Examen de Conocimiento Escrito
→ Múltiples disciplinas. Historia, formaciones, estrategia, teoría.
Evaluación de Etiqueta y Conducta
→ Una sesión formal. Presentación, habla, postura. Juzgado en silencio, puntuado sin piedad.
Mireilla levantó el pergamino superior nuevamente, entrecerrando los ojos mientras la estructura del horario se aclaraba.
—…No solo están personalizados —murmuró—. Están escalonados. Pero no todos.
Toven se inclinó, masticando un trozo de pan.
—¿Qué quieres decir?
Ella señaló el encabezado en la parte superior de la cuadrícula compartida.
—Exámenes escritos. Están marcados en negrita. Mismo horario en todas las alas.
Caeden asintió lentamente.
—Tiene sentido. Si los dividieran, necesitarían preguntas completamente diferentes por sesión.
—Y si no lo hicieran… —añadió Mireilla—, entonces las respuestas se filtrarían antes de que los últimos estudiantes se sentaran. Sería un caos.
Elayne inclinó ligeramente la cabeza hacia la página, silenciosa como siempre, pero el leve cambio en su ceja sugería que estaba de acuerdo.
La sonrisa de Lucavion regresó.
—Imaginen a alguien sobornando a un espíritu para que saque la clave de respuestas.
—Has pensado en esto —dijo Caeden secamente.

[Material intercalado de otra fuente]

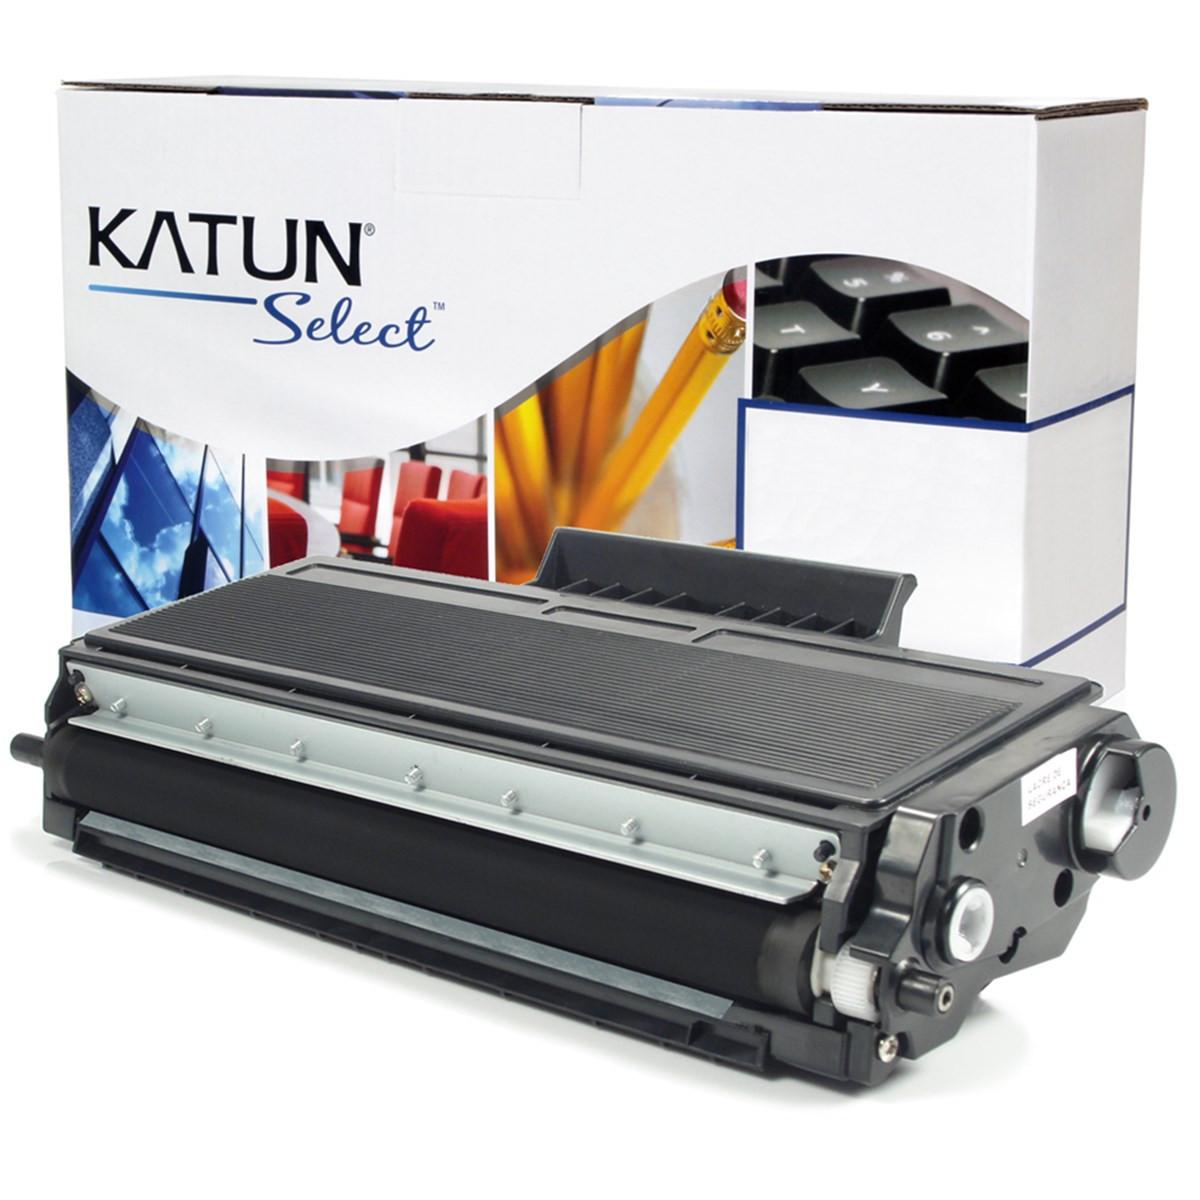 Toner Compatível com Imagistic FX3000 | Katun Select 8k

—Imagino muchas cosas —respondió Lucavion, doblando su horario con dramática precisión—. La mayoría entretenidas. Algunas ilegales.
Mireilla lo ignoró. Sus ojos recorrían ahora su columna, buscando las marcas etiquetadas DANE, MIREILLA en una pulcra escritura serif.
—Martes… teoría escrita —trazó la línea—. Y de nuevo el jueves. Doble carga.
Toven hizo un ruido a medio camino entre un gemido y una tos.
—¿Ensayos consecutivos o grupos de materias divididas?
—No lo dice. Solo “Evaluación Escrita – Nivel I” y “Evaluación Escrita – Nivel II”. El nivel dos podría ser categorías de especialización.
Lucavion silbó.
—Qué deliciosamente vago.
Mireilla pasó a la segunda página de su paquete personal—disposición y secuencia de exámenes. El resto de sus pruebas estaban distribuidas sin un orden claro:
——————–
MIREILLA DANE – HORARIO DE EXÁMENES
Lunes – 08:00
Prueba de Conciencia de Combate – Zona C
Martes – 14:30
Evaluación Escrita – Nivel I – Gran Sala de Conferencias A
Miércoles – 12:00
Prueba de Afinidad – Sala de Cristal
Jueves – 09:00
Evaluación Escrita – Nivel II – Gran Sala de Conferencias A
Viernes – 05:30
Evaluación de Armamento – Arena Oeste
Viernes – 16:00
Prueba de Control de Maná – Cámara de Cultivo 2A
Sábado – 10:00
Evaluación de Etiqueta y Conducta – Salón de la Rotonda
——————
Los ojos de Mireilla se detuvieron en la hora temprana marcada para el viernes.
05:30.
Sus labios se curvaron hacia abajo. Siguió una lenta exhalación, pero luego—bajo, entre dientes, con un tono de desprecio:
—…Por los dientes rotos de Sonnar.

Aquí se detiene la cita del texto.